My professors tell me "why," but it's very limited. The "why" things I want to know are never answered.

For example, I was told in lab that a sign of an acute asthma attack is coughing and I needed to look for it. I asked why. The instructor said because the patient can't breath and is trying to get air in the lungs. The first thing that popped into my mind about not adding up was that when a patient chokes, they can't breath, but they also can't cough. I asked what the physiological differences were between those two situations of not being able to breath (outside of the obvious one has their airway obstructed with food and the other one has severe bronchoconstriction). I wondered if there were nervous system response differences causing the different reactions, and if so, the pathways, etc.

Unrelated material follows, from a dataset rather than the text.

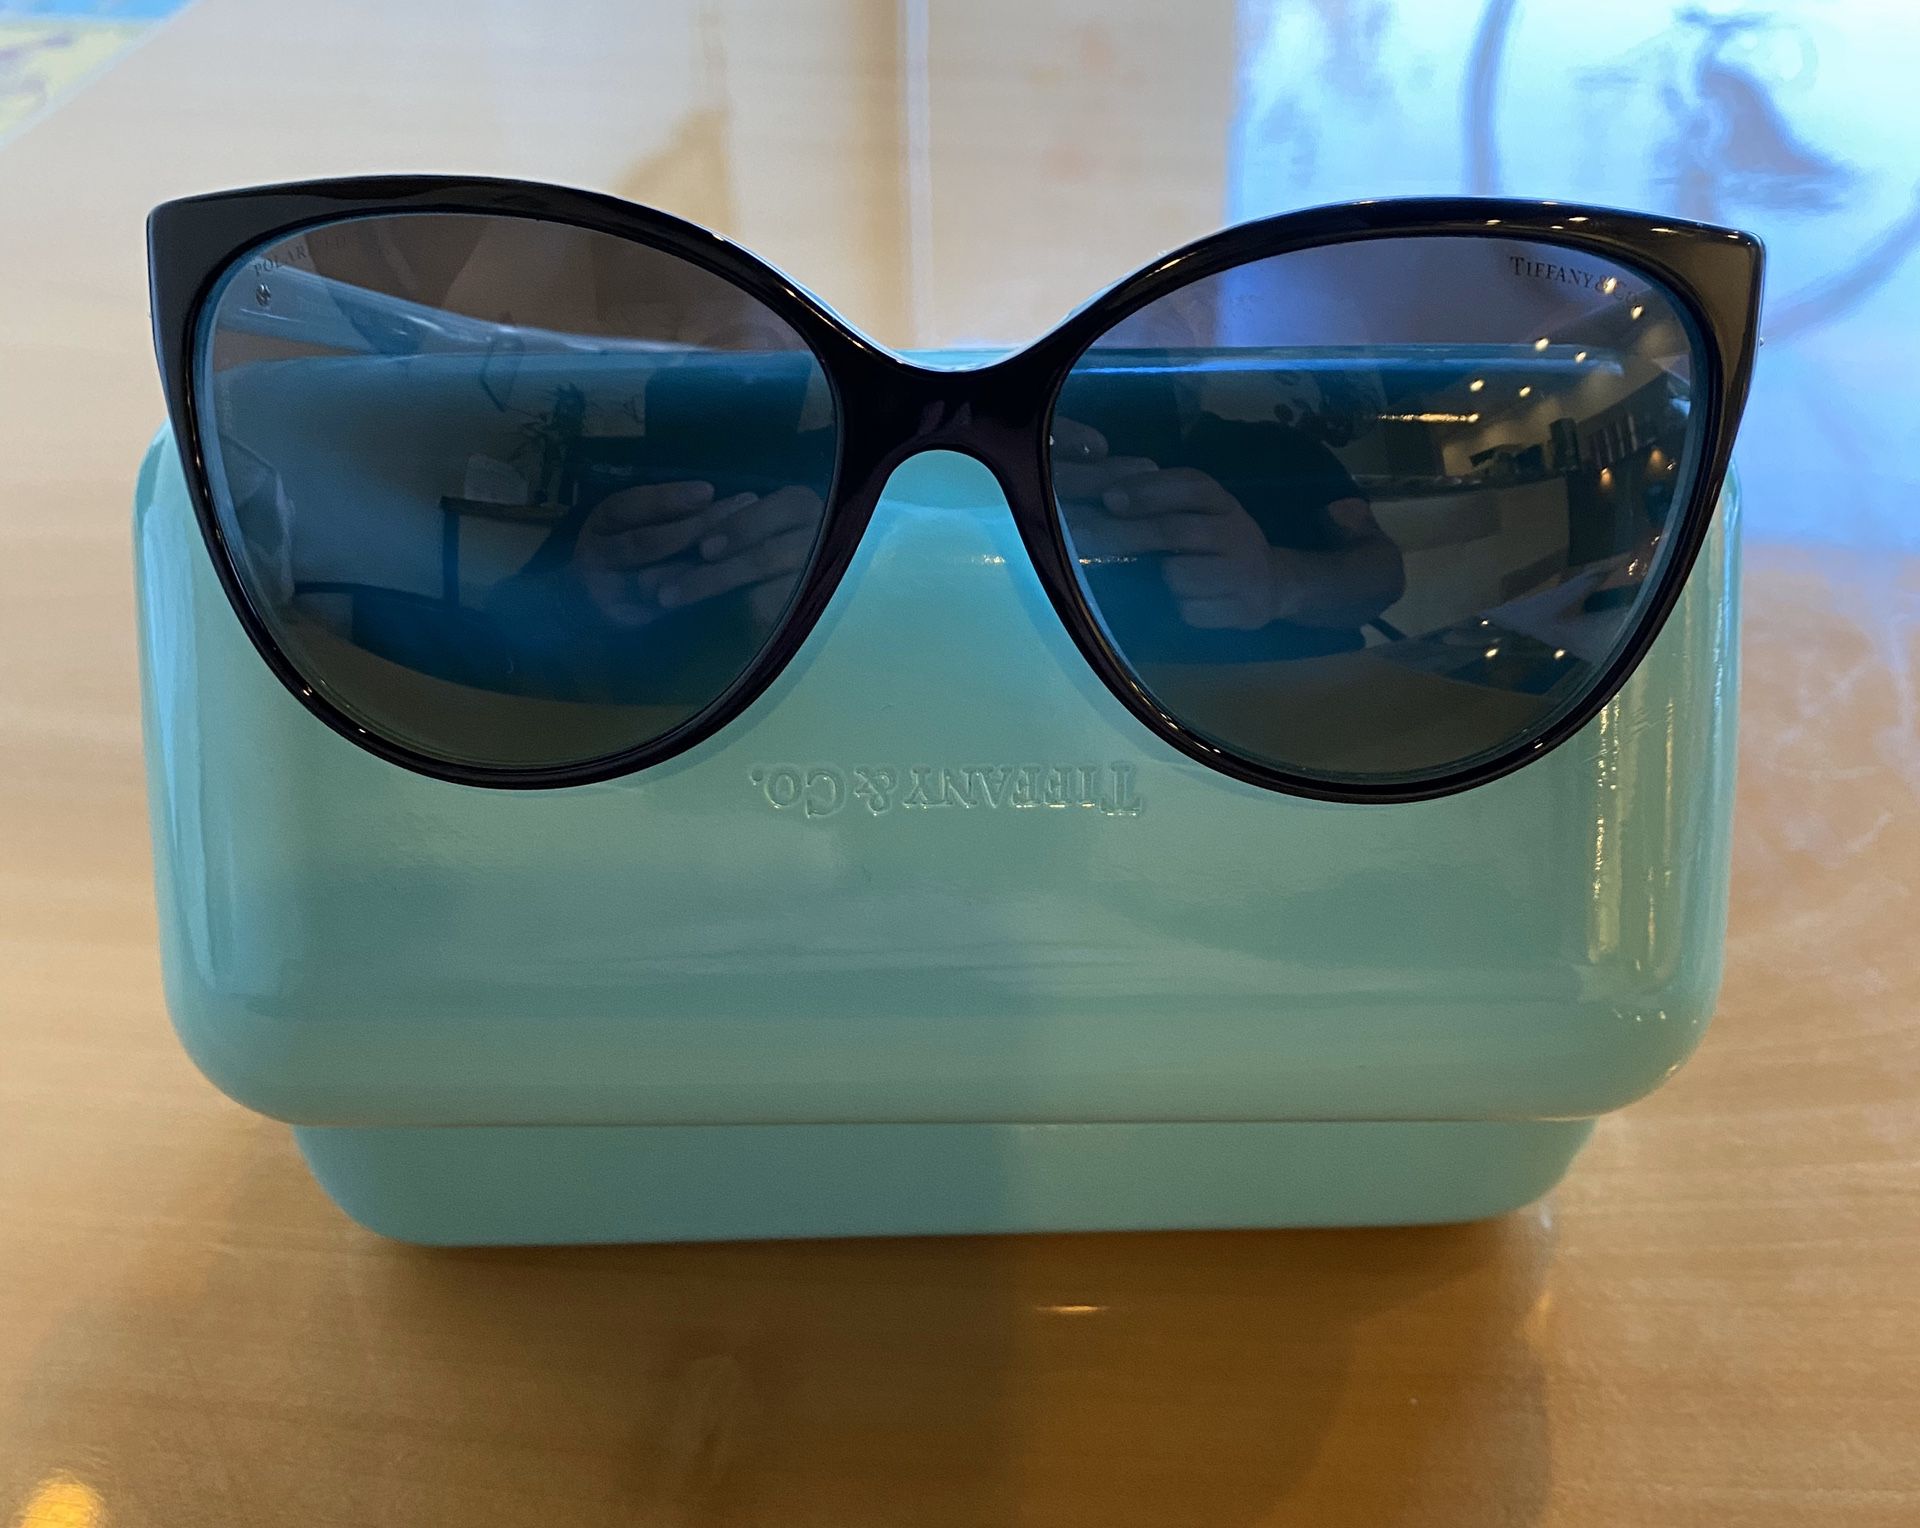 Tiffany & Co. Sunglasses Black Polarized Grey Gradient Lens 58mm

My professor just gave me a vacant cow-like stare, finally saying she didn't understand. I rephrased my question a few times, and 5 minutes later she just told me to know that asthmatics cough when they aren't getting any air.

Maybe my question really doesn't make sense, or maybe the professor so poorly explained coughing while in an asthma attack that it sparked a question about a non-existent correlation. I have no idea and still don't know. But I WANT to know why...to a point it drives me mad. I'm so mad, I'm considering medical school, which I never in a million years would've considered. And now the more I think about it, the more I want it.

But anyway, I need to get some sleep before I explode from all this self-analysis.
:boom:

I'm in psych now but I think the cough is caused by bronchial spasms as a result of an allergen or irritant
 
I'm in psych now but I think the cough is caused by bronchial spasms as a result of an allergen or irritant

Well, my professor explained it very poorly, then. She specifically said the cough occurred because the client can't breath. She did say it was an attempt to open up the airways, but definitely stated VERY clearly that the cough occurred because the client can't breath in a severe asthmatic episode.

I really hate this program. :( I wanna be in the health sciences, but not like this.